In: Accounting
A partnership was approached by a corporation that would like to acquire them by a stock acquisition. The partnership has no authorized stock, and the corporation does not want to pay cash for the partnership. The partnership is valued at $4,000,000 today. Reading the partnership agreement, you find that the partnership can be terminated at any time with the consent of the partners. They do not want to dissolve the partnership. The corporation very much wants to purchase the partnership. In your expansive knowledge of accounting, what would you suggest the partnership do, as well as the corporation to make this consolidation happen? The only solution involves consolidating the partnership and the corporation.
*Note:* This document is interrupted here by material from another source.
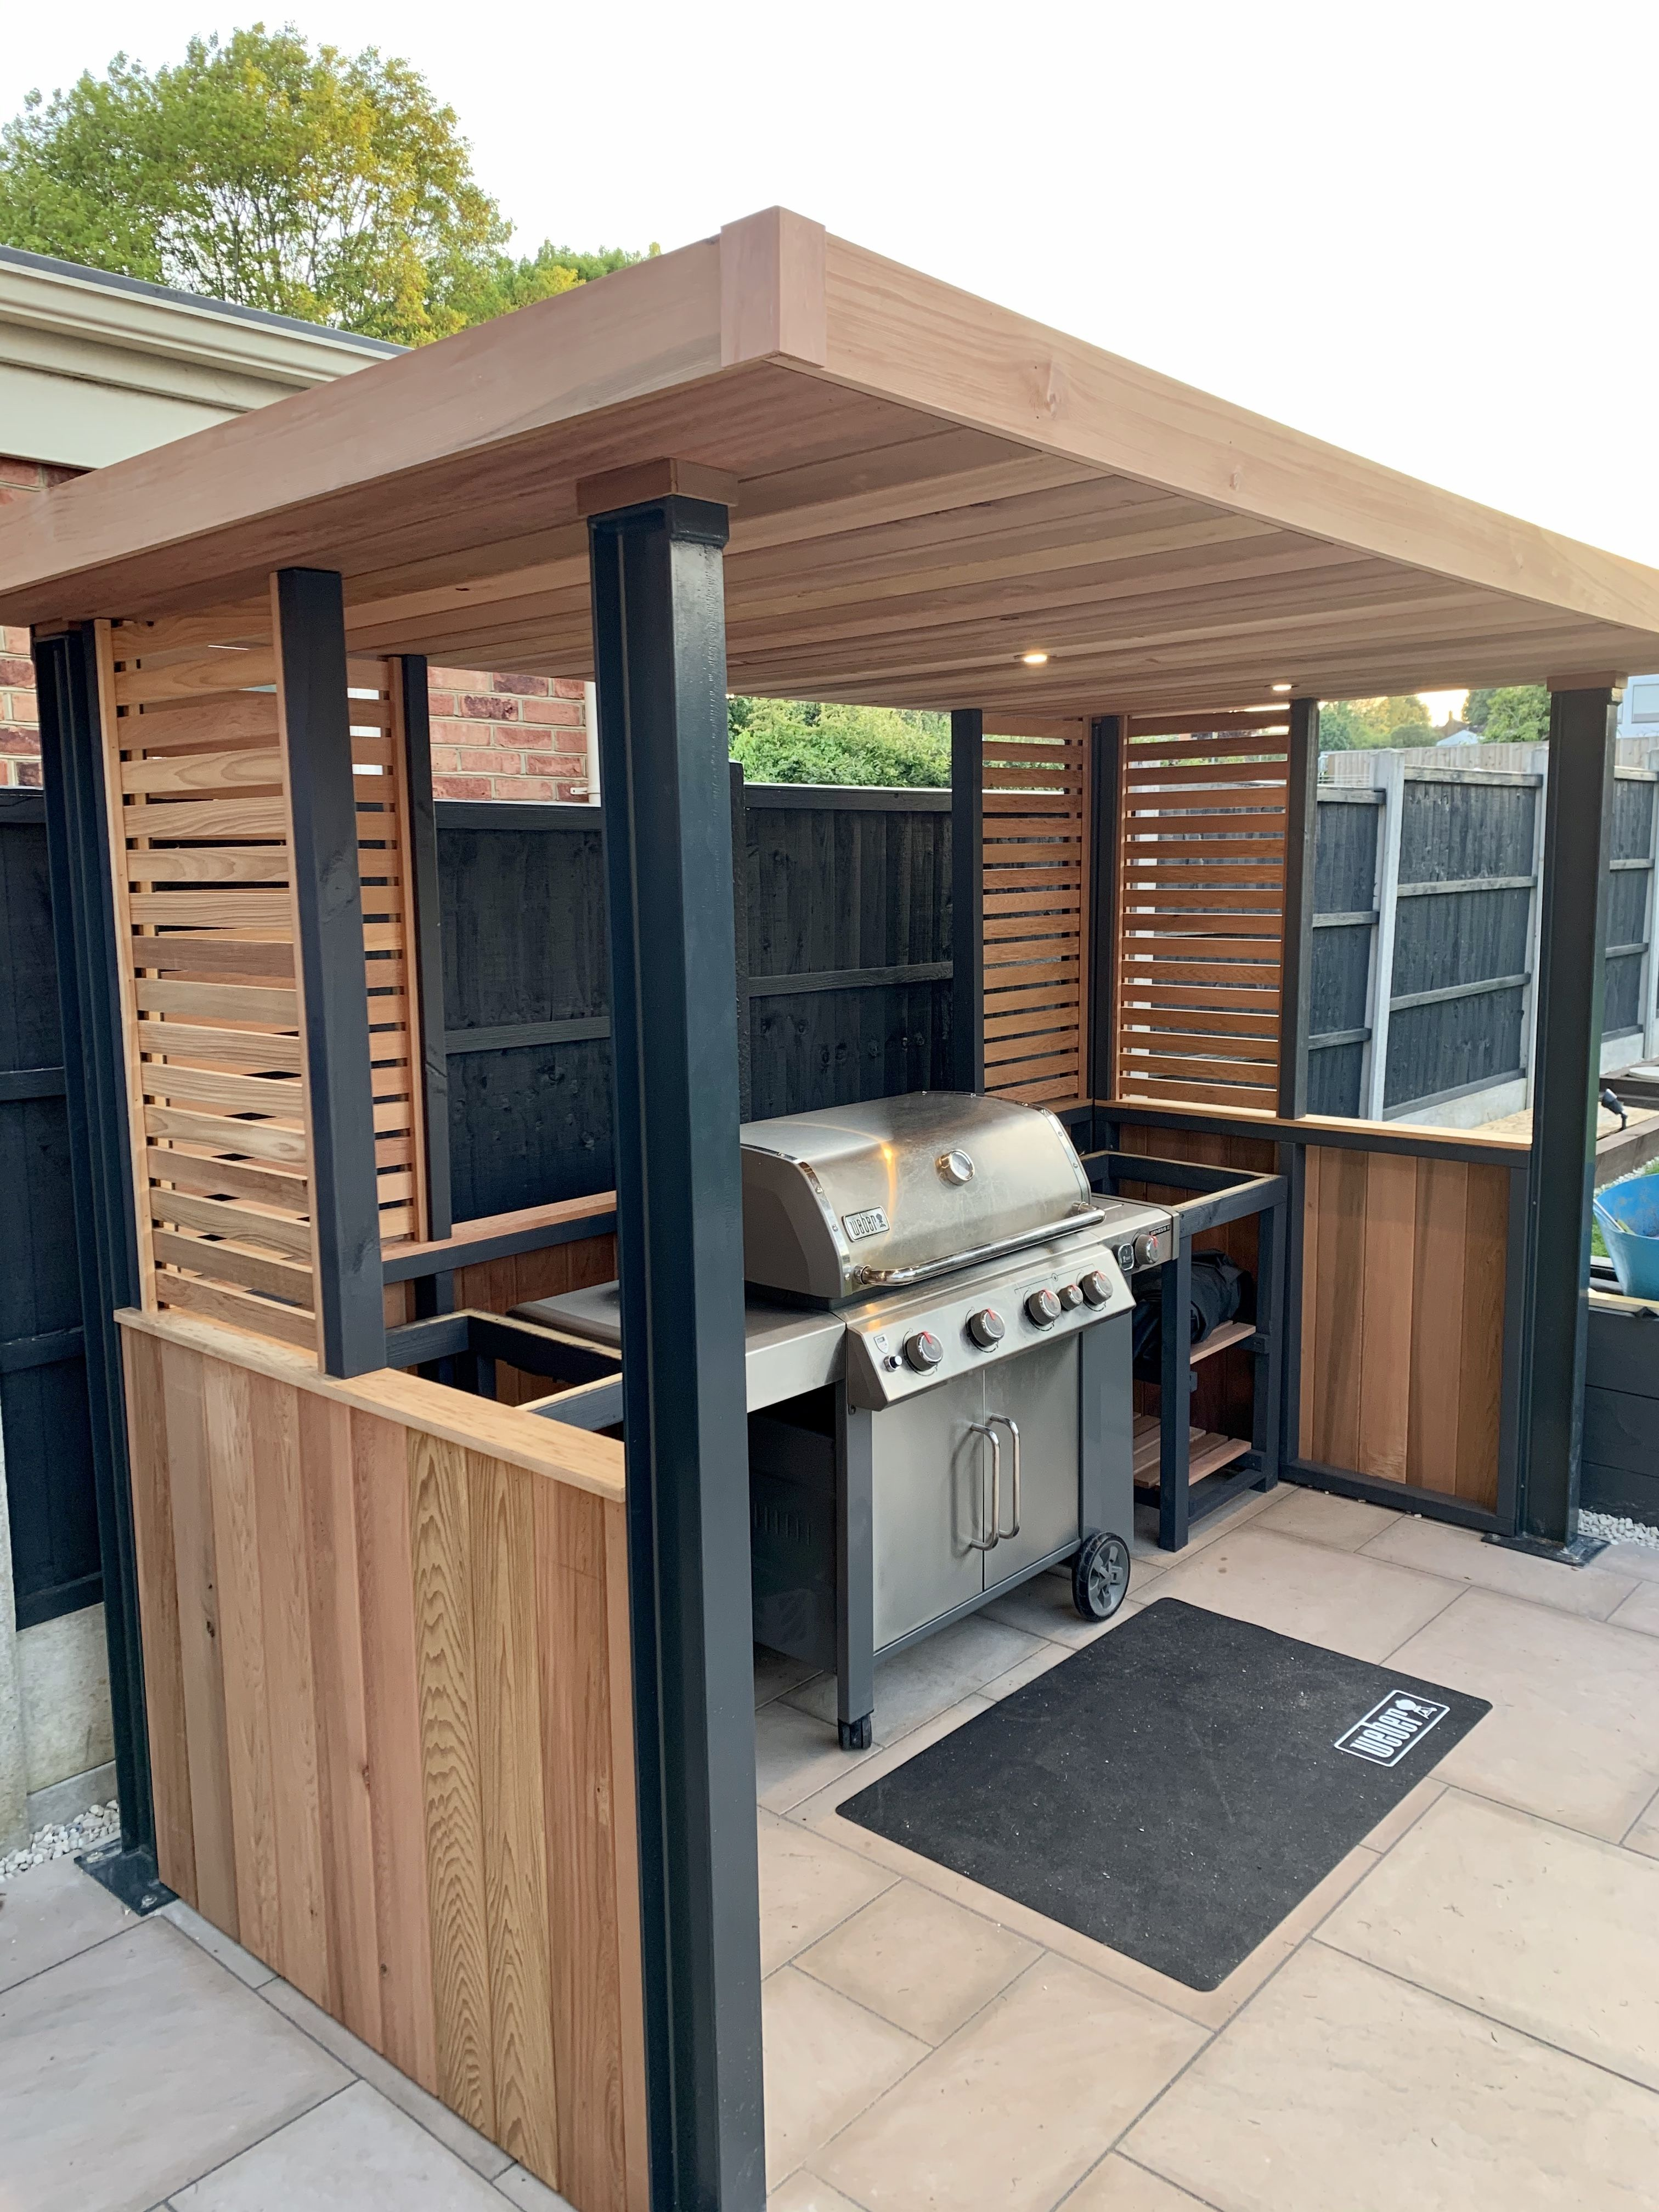 Tuin en terras 3 Sizes 2 x Barbecue BBQ Grill Cedar Wood

How would you, the accountant, resolve this issue?
A partnership can be acquired by a corporation,but then it cease to be a partnership.
The following may be ensured before acquiring the partnership firm by the corporation :
(1) Check whether MOA of the company empowered it or not.
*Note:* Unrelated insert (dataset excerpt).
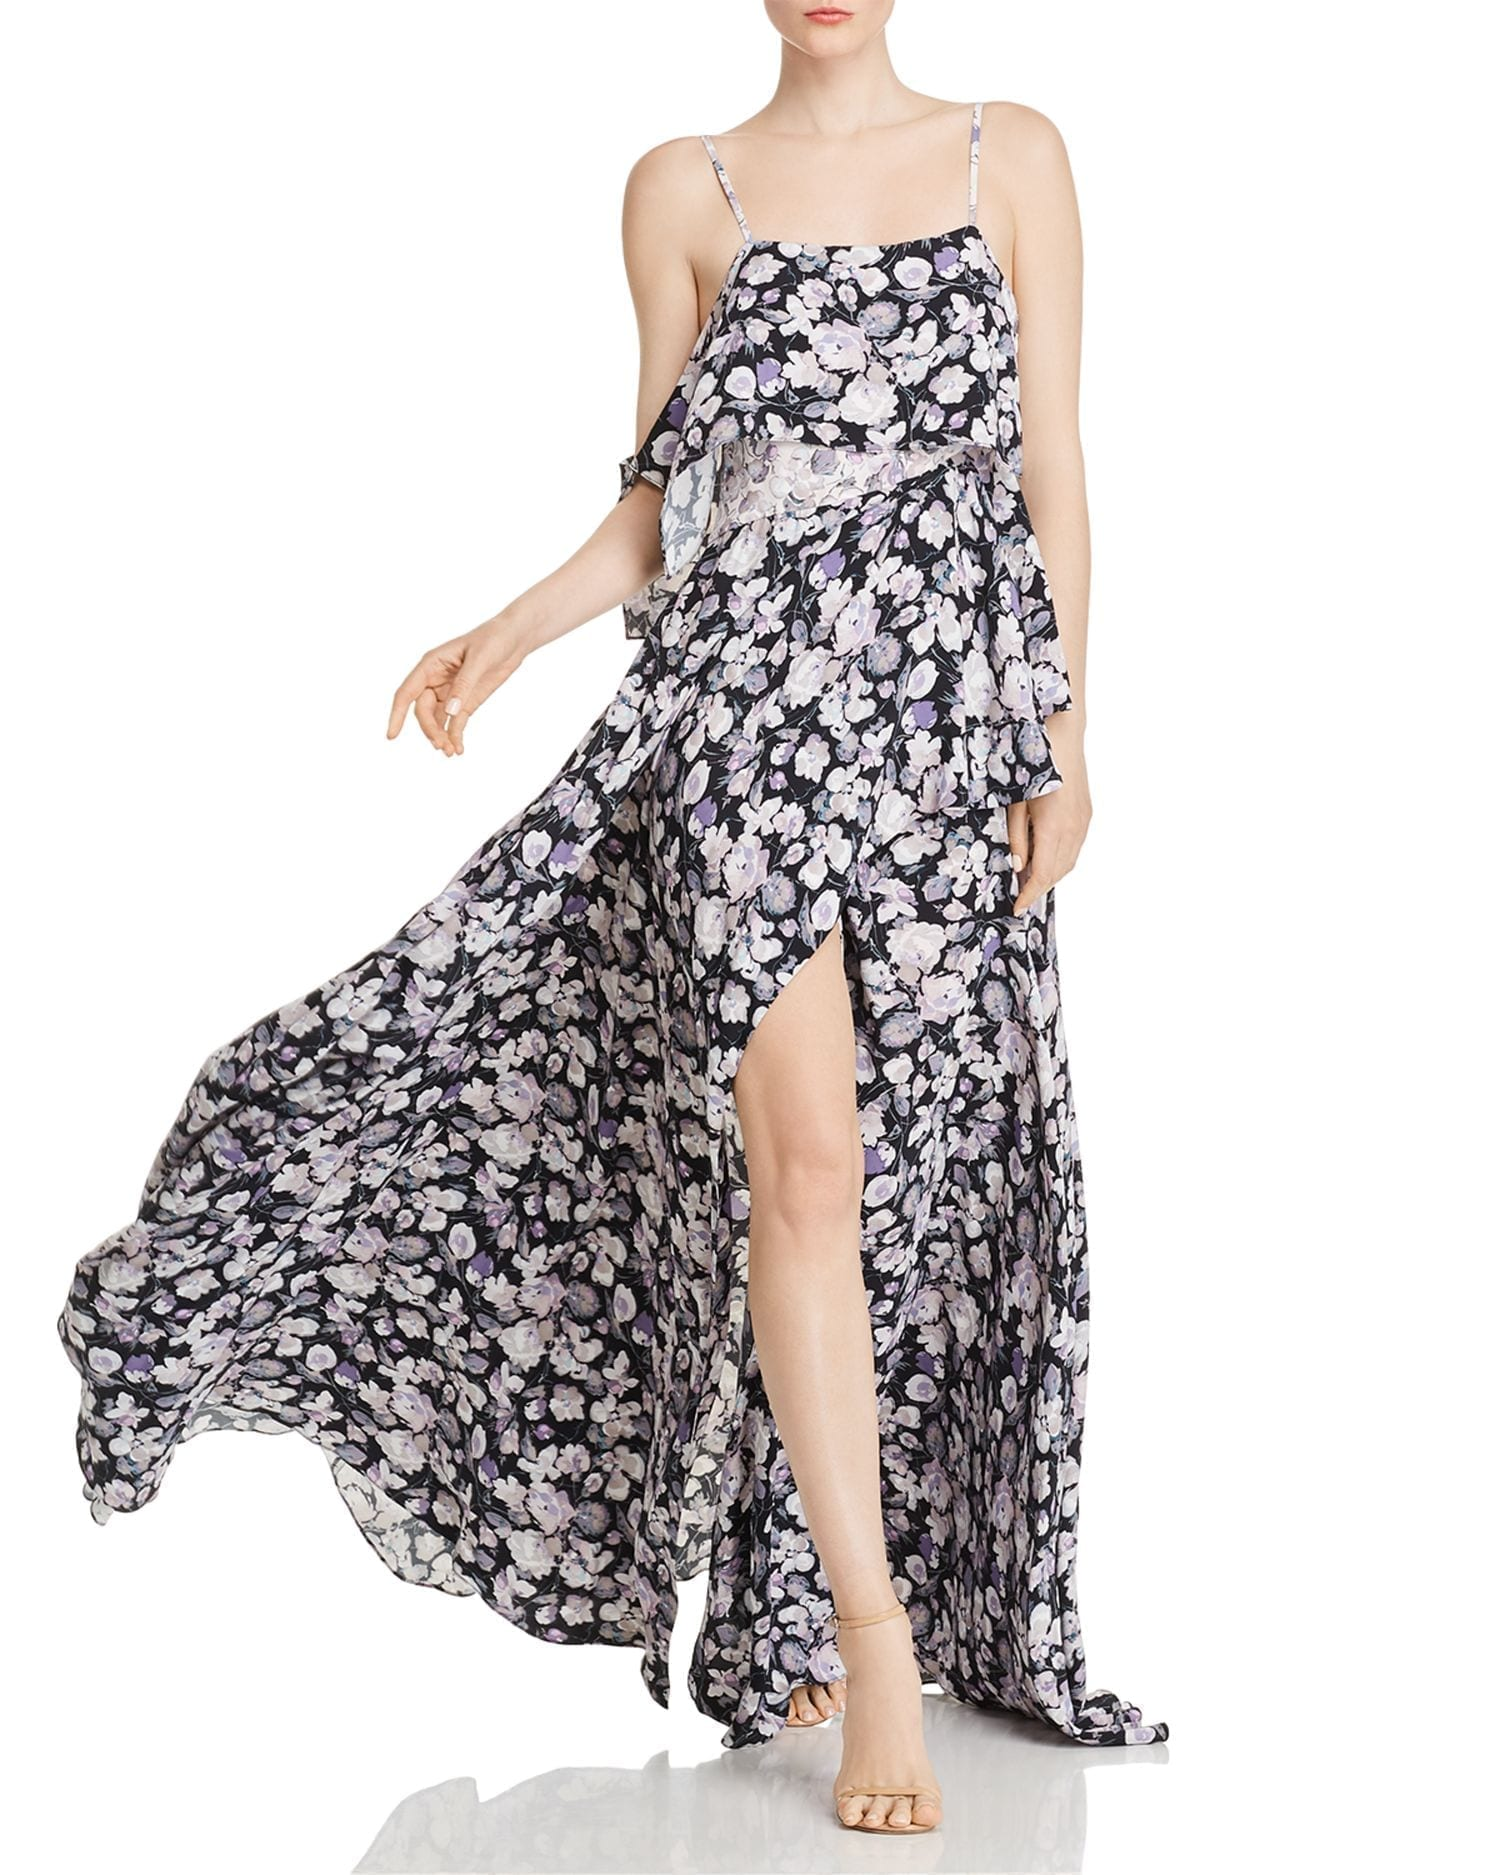 AMUR Calia Floral Dress

(2) Consent of all partners obtained or not.
(3) All statutory due of the partnership have been disbursed or not.
(4) Proper valuation of the partnership done or not.
(5) Appropriate resolution for the sake has been passed or not.
(6) Consent of the creditors has been taken or not.
(7) How adjustment of assets and liabilities of the partnership to be adjusted.
(8) How partner's account/settlement disbursed.
If the partnership concern is taken over by the corporation as a going concern with all it's assets and liabilities, the existing partners should hold more than 50% of the voting shares of the new company in the same ratio as per their shares in the partnership firm. There should not be any sale or transfer of these shares in the next 5 years. There should not be any dilution of the percentage of these shares in the next 5 years.